Kalamazoo Resources has kicked off an 1100m reverse-circulation (RC) drilling program at the Styx and Charon prospects within its Ashburton gold project in Western Australia’s Pilbara region to test for shallow oxide gold mineralisation.
At Styx, the company has designed two respective lines of four and five RC drillholes to test for the mineralisation associated with the shallow extents of a gently-dipping 20m-to-30m coarse sandstone unit that shows well-developed pyrite mineralisation in outcrop linked to subvertical faulting.
At Charon, two fences 80m apart, made up of two drillholes each, have been designed to test a steeply-dipping and deeply-weathered fault that hosts a soil gold geochemical anomaly. The prospect has not previously been drilled, so the program is designed to test both the anomalism associated with the fault, in addition to the thick prospective coarse conglomerate and sandstone units in the footwall of the fault.
The Styx and Charon prospects are about 6km south-east of the company’s Mt Olympus gold resource that is estimated at 12 million tonnes at 2 grams per tonne gold for 1.07 million ounces. It is associated with an area of anomalous soil geochemistry where thick widths of pyrite mineralisation outcrop in coarse “porous” sandstones, with rock-chip samples returning assays of more than 1g/t gold.
Kalamazoo has also received the results of a recent gradient array induced- polarisation (GAIP), in addition to the results of follow-up pole-dipole IP surveys at the Mt Olympus and West Olympus prospects, with five significant chargeability anomalies identified.
Four of the anomalies lie within the footprint of the Mt Olympus deposit and all of them correlate with gold mineralisation in surface rock chip samples. Drill planning is currently underway to test the most prospective anomalies.

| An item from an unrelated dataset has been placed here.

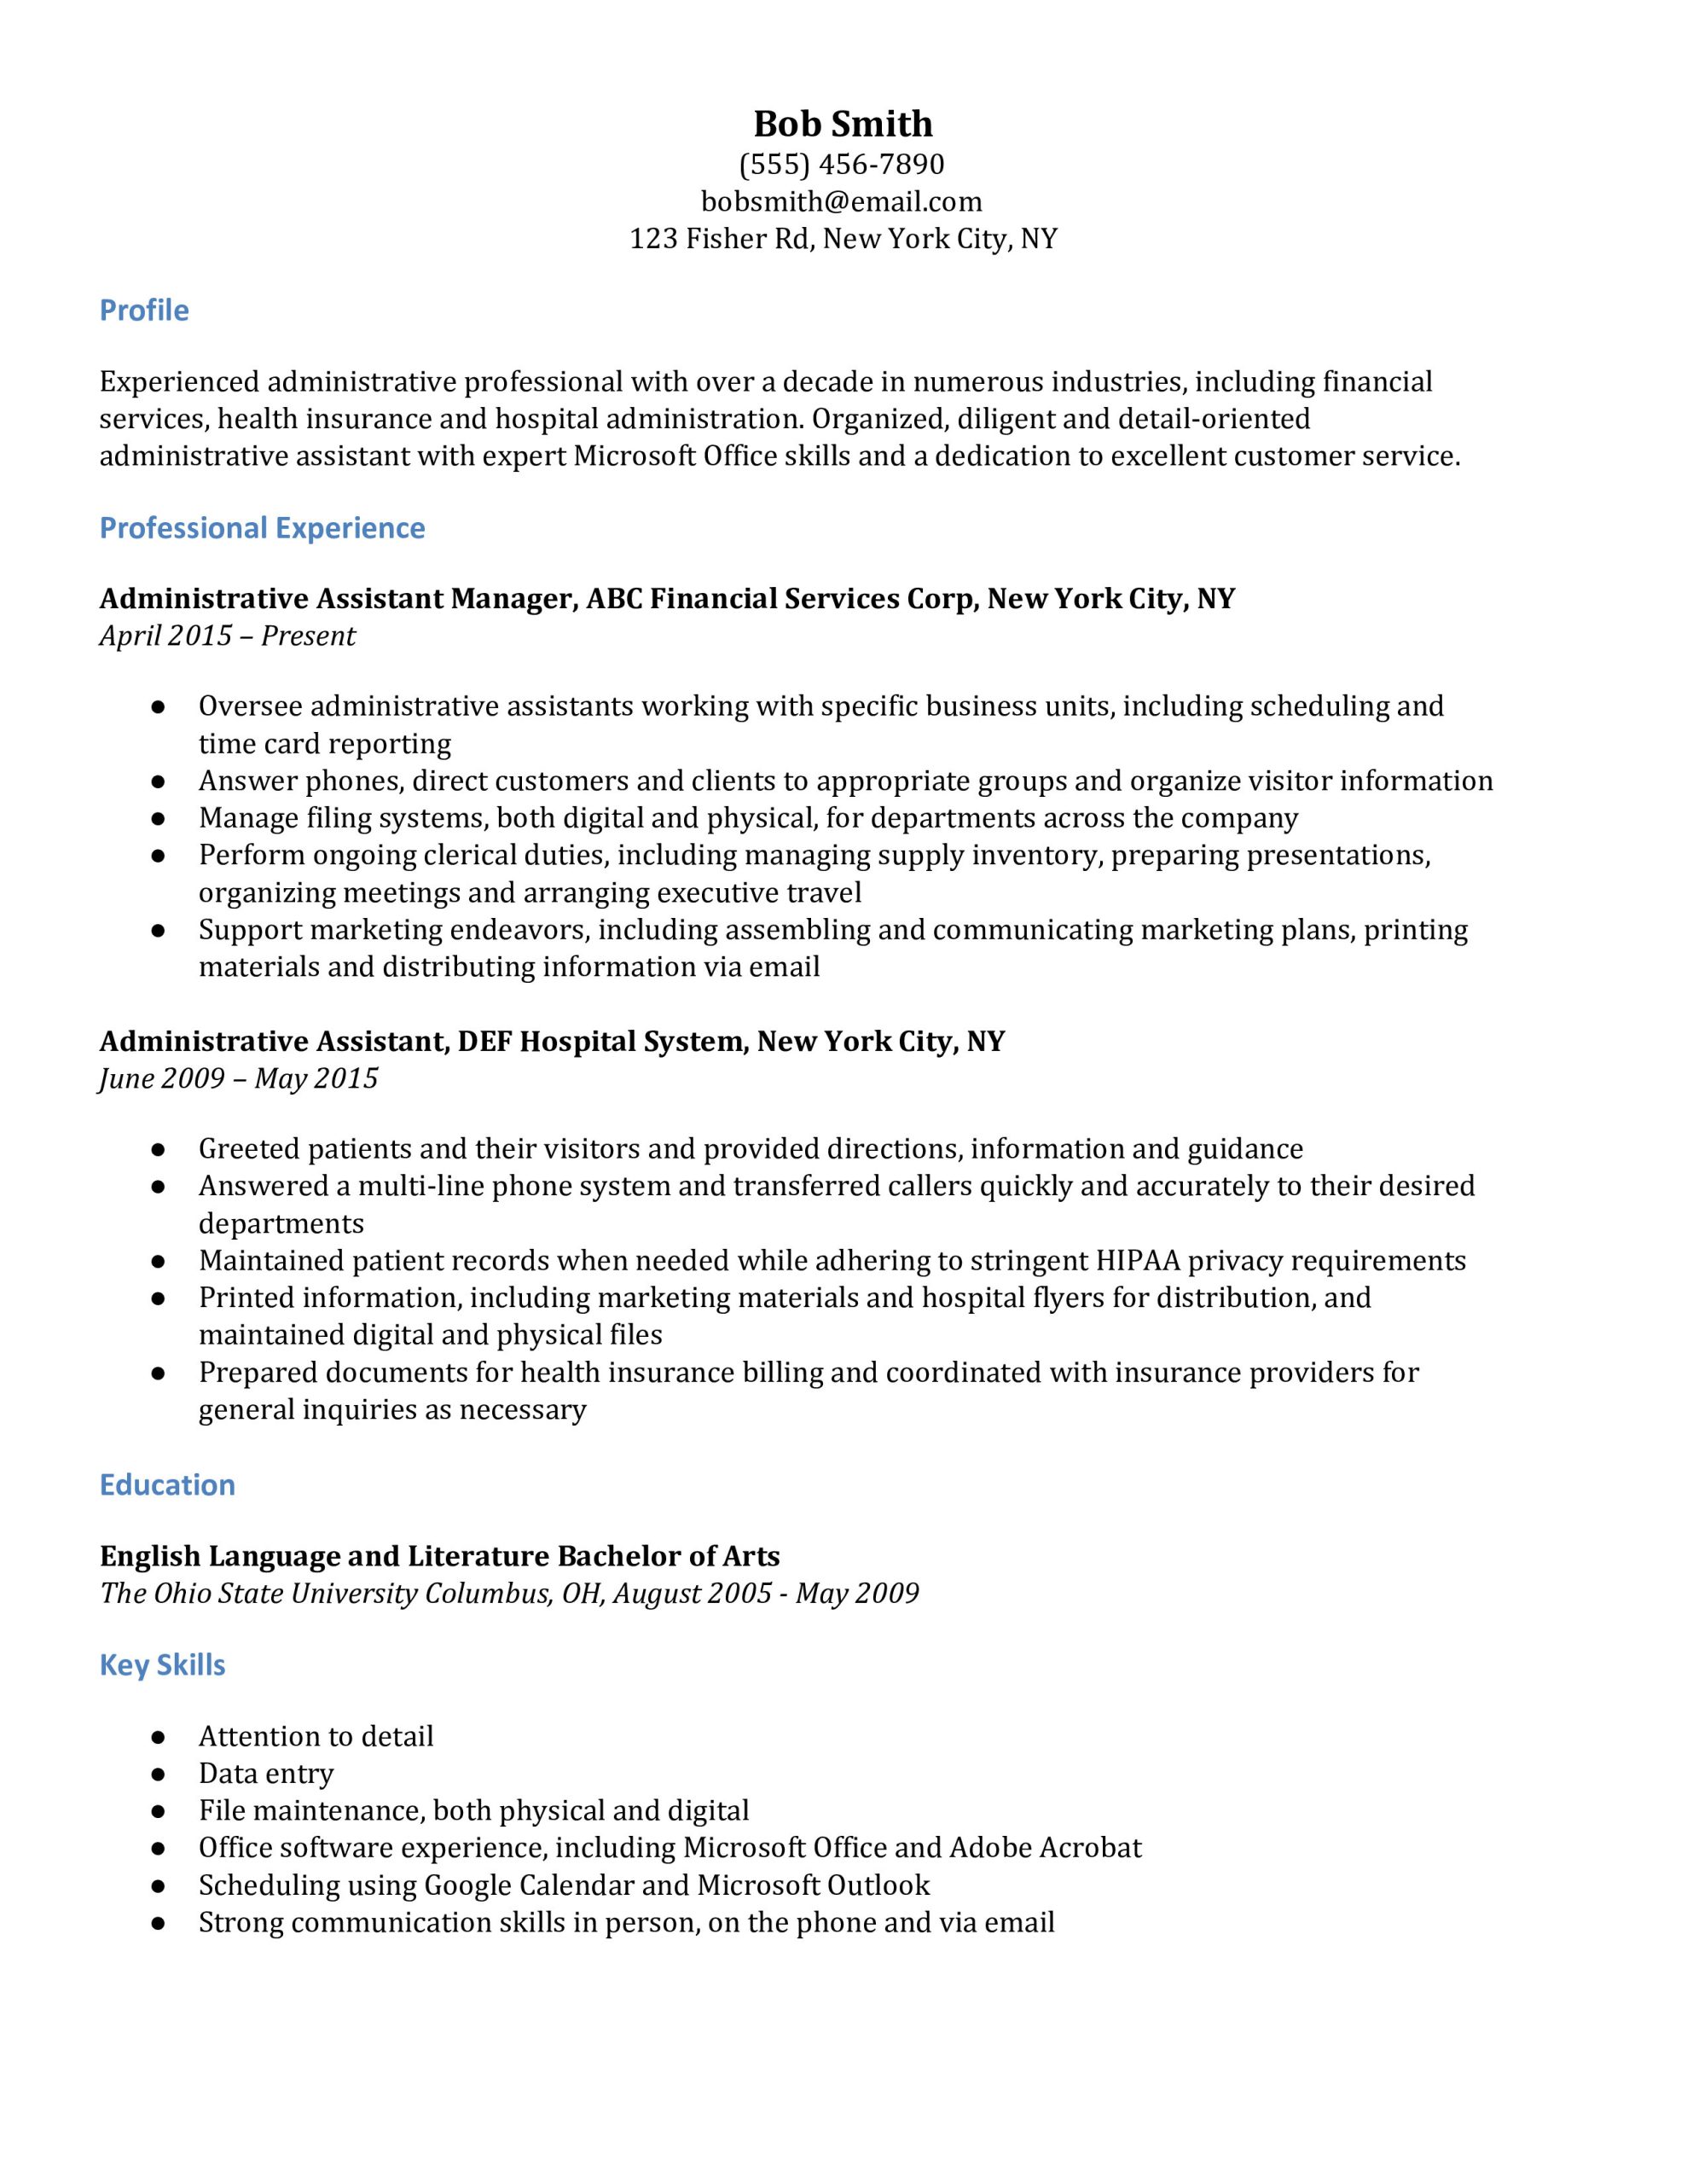 Entry Level Admin assistant Resume Sample Administrative assistant Resume Examples Resumebuilder.com

The Mount Olympus Gold Mine is 60km south-east of the iron ore mining town of Paraburdoo. Five deposits were discovered in the area by Sipa Resources in 1996 and were progressively developed from 1998 to 2004 into five open pits – Mount Olympus, West Olympus, Zeus, Peake and Waugh.
The deposits produced 340,000 ounces of gold from 3.2 million tonnes of ore averaging 3.3g/t. The plant was sold in 2006 and the site was largely rehabilitated.
Estimated reserves as of 2003 were for 50,000 ounces of gold and resources amounted to 92,000 ounces of gold from mainly oxide and transitional material via pit cutbacks that graded about 2.4g/t. In 2011, Northern Star Resources, which owned the Paulsen gold mine in the region, bought the mine site from Sipa. By 2013, the project was on care and maintenance. The site comprises several small deep open pits scattered across rugged terrane stretching across 5km.
Mt Olympus now forms part of Kalamazoo’s 1.07-million-ounce Ashburton gold project it acquired after it was divested by Northern Star.
Kalamazoo revealed last year that tests on its Mt Olympus ore resulted in gold recoveries of up to 94 per cent and it has substantially de-risked the potential development of the Ashburton project through its initial metallurgical testwork. It has also identified several new prospective targets in the immediate vicinity, in addition to other new targets and prospects across its Ashburton project.
Drill design planning is underway in order to test the most prospective of the latest targets with the objective of increasing the Mt Olympus deposit estimates and to discover new sources of oxide and sulphide resources across the project tenements.
The company says its upcoming work will include field reconnaissance, geological mapping and interpretation, target modelling and ranking and the generation of new drill targets. It will also feature surface geochemical programs including soil and rock-chip sampling.
Kalamazoo translates as “a place where the water boils” in the context of turbulence on the bend of a river. Styx means both goddess and river of the underworld and Charon is the ferryman.
It leads one to wonder whether the company can get its mine boiling near the banks of one beautiful Pilbara tributary bearing the same name as its Ashburton project.